Get into the mind of a trader. What do traders want? They want to maximize profits. But how do you maximize profits in pairs trading?
- Do you really want to trade pairs that stay very close together (low SSD)?
- Do you want pairs that mean-revert often or rarely?
- Does the GGR method account for mean-reversion frequency?
Think about it: a pair with very low SSD might stay close together precisely because it never diverges enough to trade. The GGR method optimizes for closeness, not for trading opportunities.
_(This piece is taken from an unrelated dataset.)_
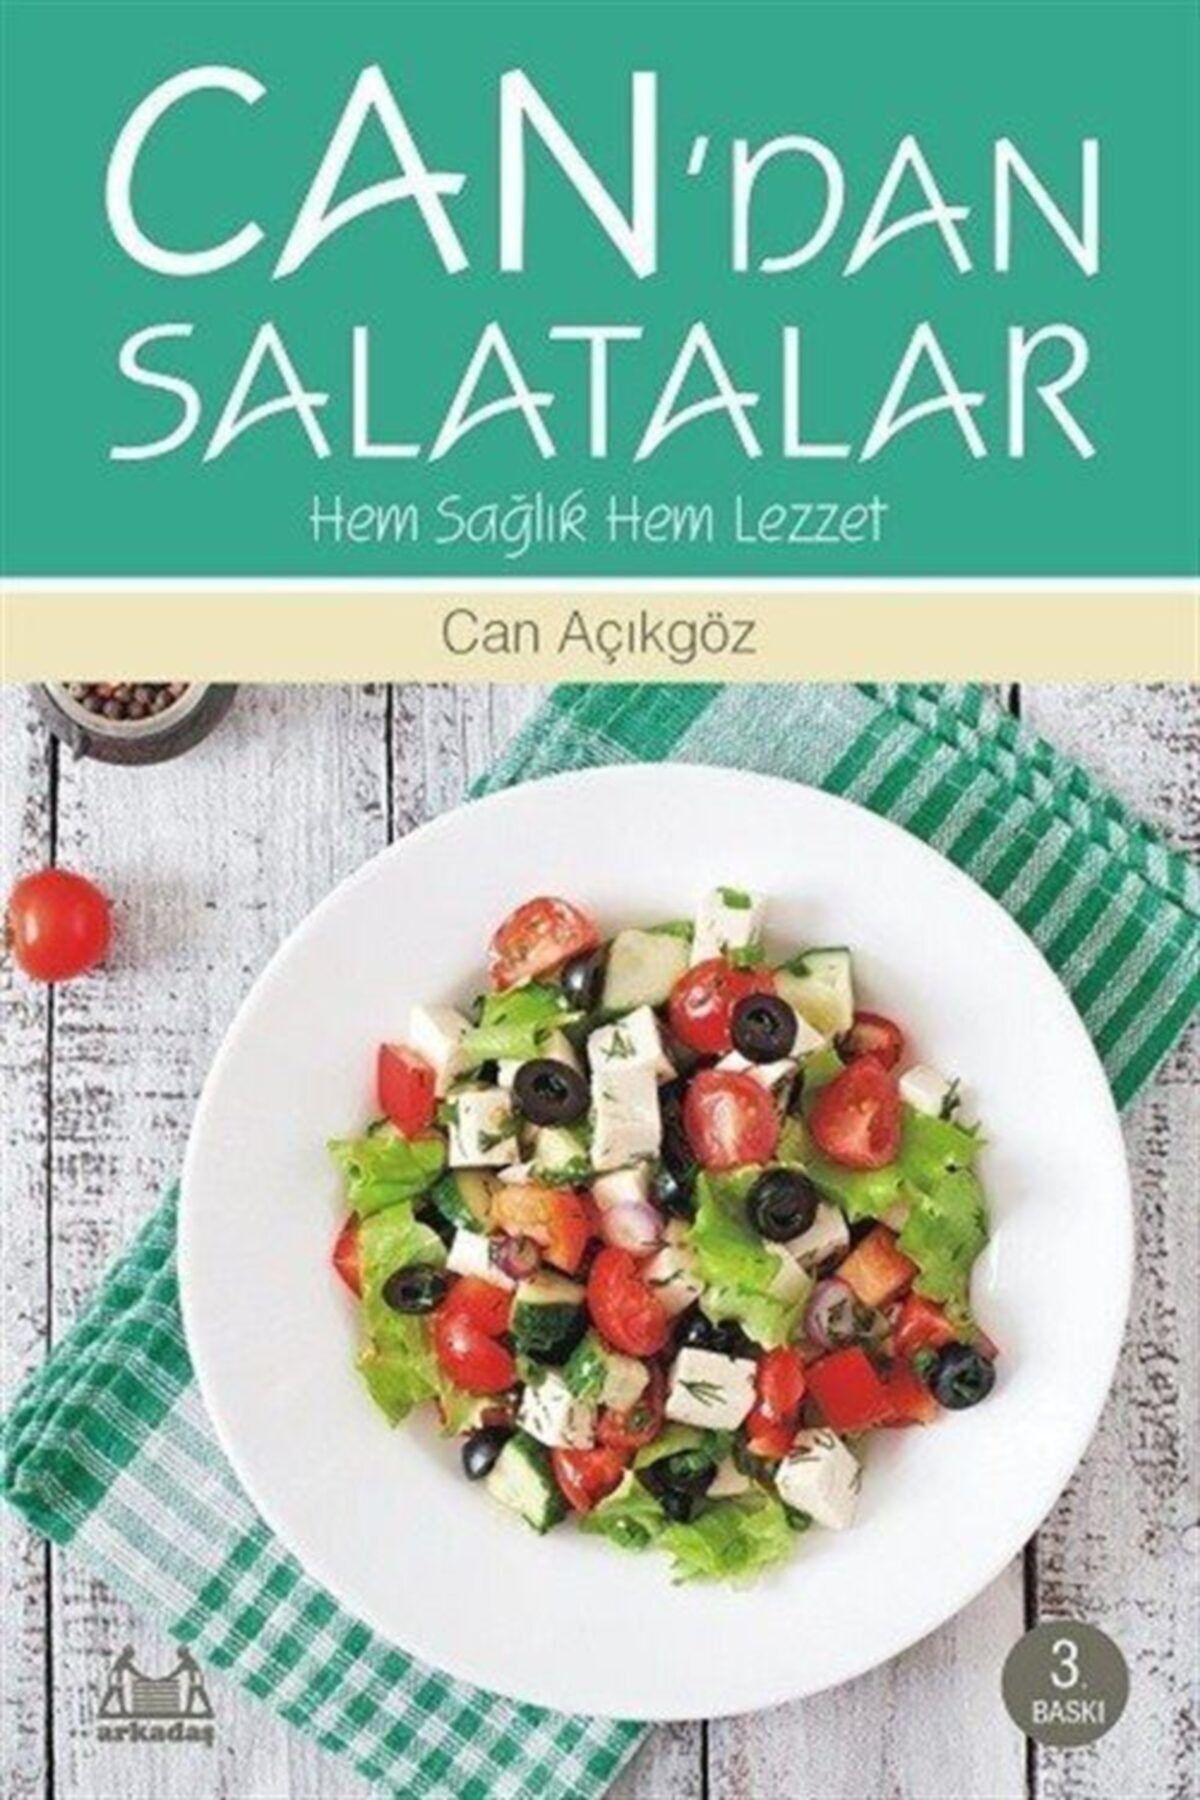 Arkadaş Yayıncılık Can'dan Salatalar & Hem Sağlık Hem Lezzet - Can Açıkgöz

What This Means for Maritime Stocks
I'm still running this strategy on shipping stocks because the sector has some advantages:
- Natural segmentation: Tankers, dry bulk, and containers face different market forces
- High correlation within segments: Companies in the same segment respond to the same freight rates
- Volatility: Shipping stocks move a lot, creating potential divergences
But I'm now much more careful about pair selection. Rather than blindly taking the lowest-SSD pairs, I'm looking for pairs that:
- Have historically mean-reverted multiple times
- Show sufficient divergence to actually trigger trades
- Have reasonable liquidity for both long and short positions
The live signals page shows current pair status, but treat this as research, not trading advice. The strategy's edge—if it exists—is thin.
Code
The backtesting code is open source: github.com/dhrstrijker/ggr-backtest
Note: I used Claude Code to write this and haven't manually verified every line yet. I did write tests to ensure calculations are correct, but I'll be going through the code manually as well.
References
- Do, B., & Faff, R. (2010). Does simple pairs trading still work? Financial Analysts Journal, 66(4), 83-95.
- Gatev, E., Goetzmann, W. N., & Rouwenhorst, K. G. (2006). Pairs trading: Performance of a relative-value arbitrage rule. Review of Financial Studies, 19(3), 797-827.
- Krauss, C. (2015). Statistical arbitrage pairs trading strategies: Review and outlook. IWQW Discussion Papers, No. 09/2015.
- Zhu, X. (2024). Examining pairs trading profitability. Unpublished senior essay, Yale University.